Tabelle 32-1 zeigt einige Beispiele für Mono-,
Di- und Polysaccharide sowie ihr Vorkommen
und ihre Eigenschaften.
32.2.3 Verzehr von Kohlenhydraten
Eine gesunde Kohlenhydratzufuhr besteht
nach den Empfehlungen der Deutschen Gesellschaft für Ernährung aus polysaccharid- und
ballaststoffreichen Lebensmitteln. Die Begründung liegt in der unterschiedlichen Verstoffwechselung und dem zusätzlichen Gehalt an
wichtigen Nährstoffen und sekundären Pflanzenstoffen dieser Lebensmittel.

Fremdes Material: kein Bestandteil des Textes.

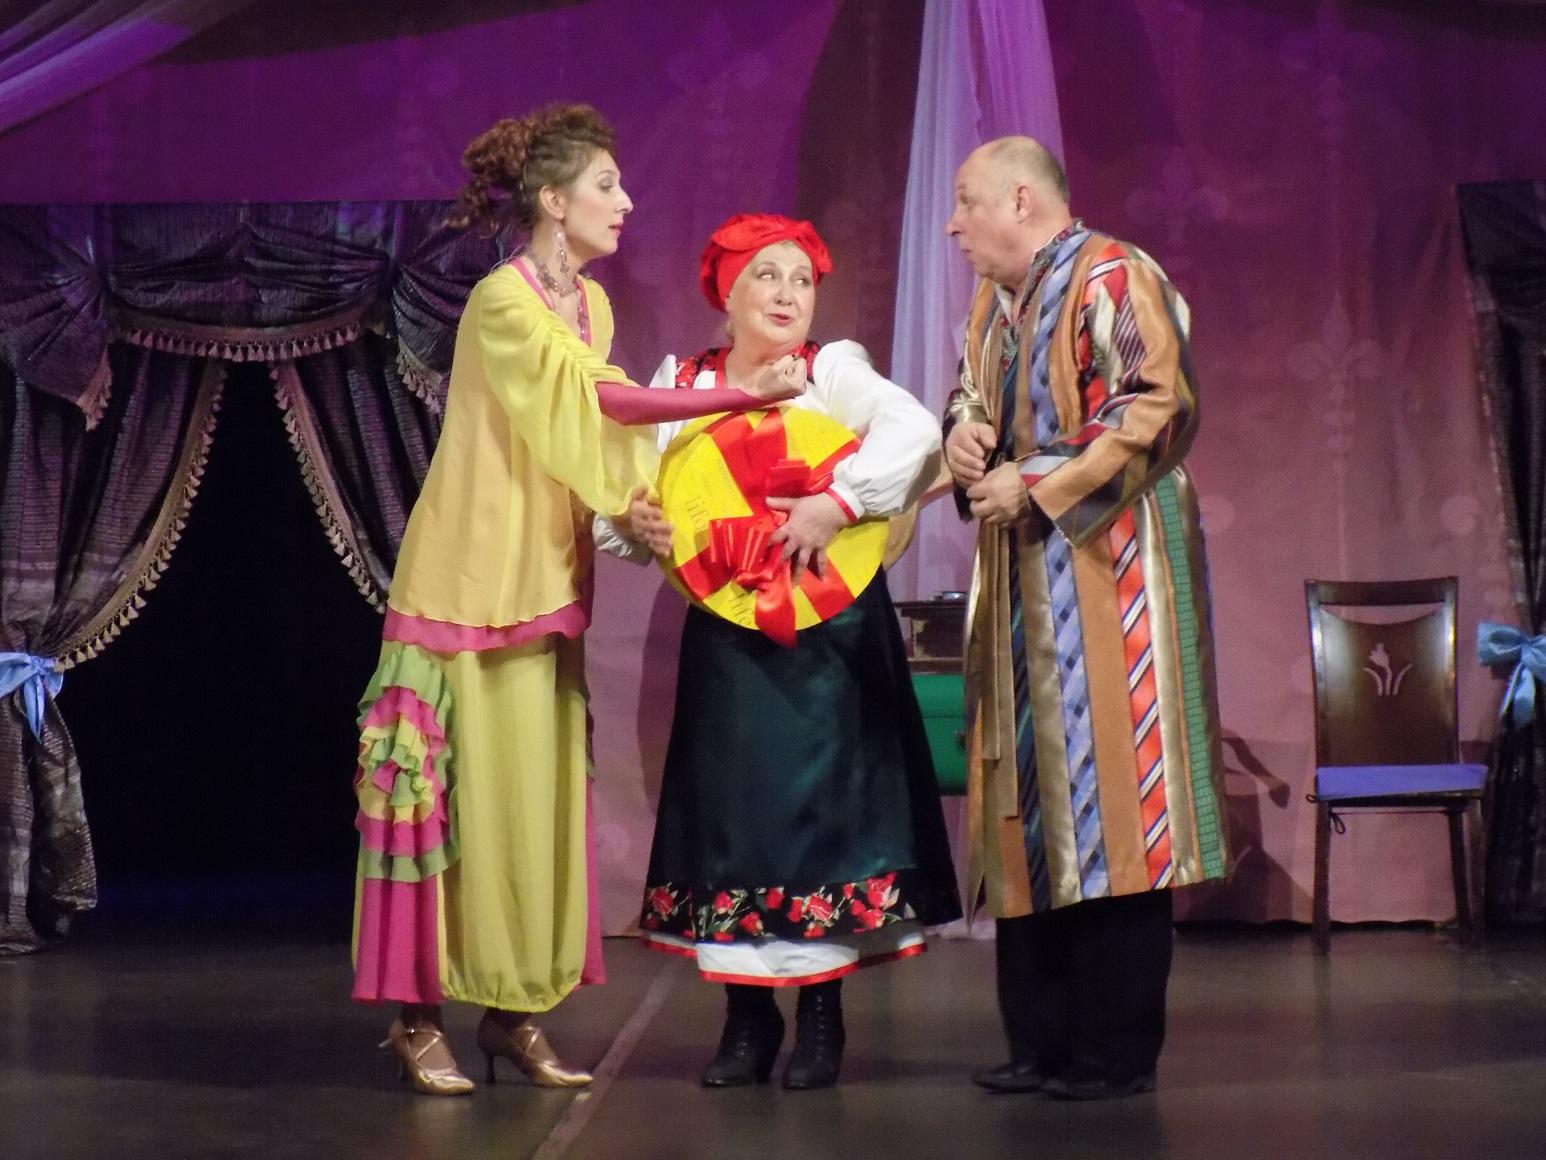 89-й сезон театральный сезон в запорожском театре им. В.Г. Магара ознаменовался премьерой «За двома зайцями»
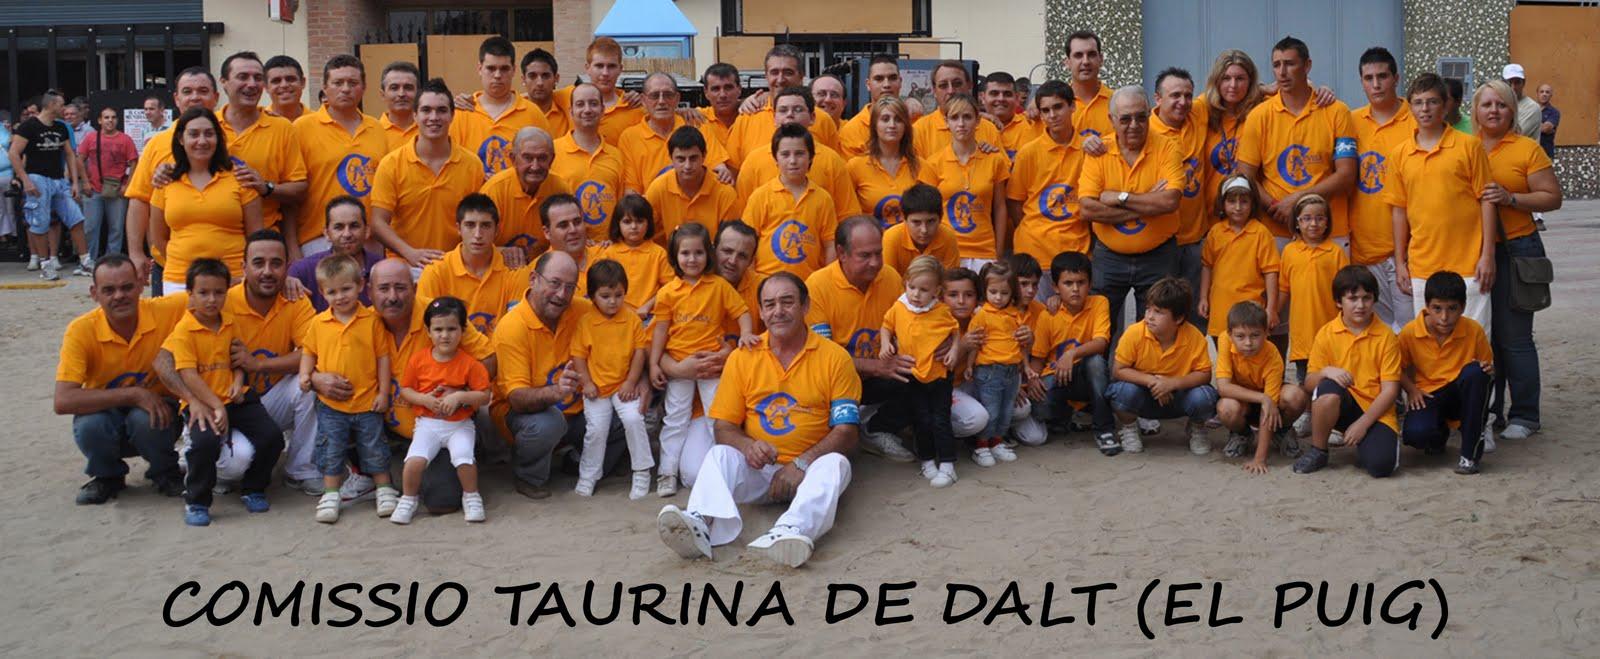 Comissió Taurina de Dalt

Auch »Süßes«,
also Mono- und Disaccharide sind in begrenzter Menge erlaubt, am besten in Form von
Früchten.
Die Nationale Verzehrsstudie II hat gezeigt, dass
73 % der Männer und 56 % der Frauen den
vorgegebenen Richtwert von mindestens 50 %
Kohlenhydrate in der Nahrung nicht erreichen.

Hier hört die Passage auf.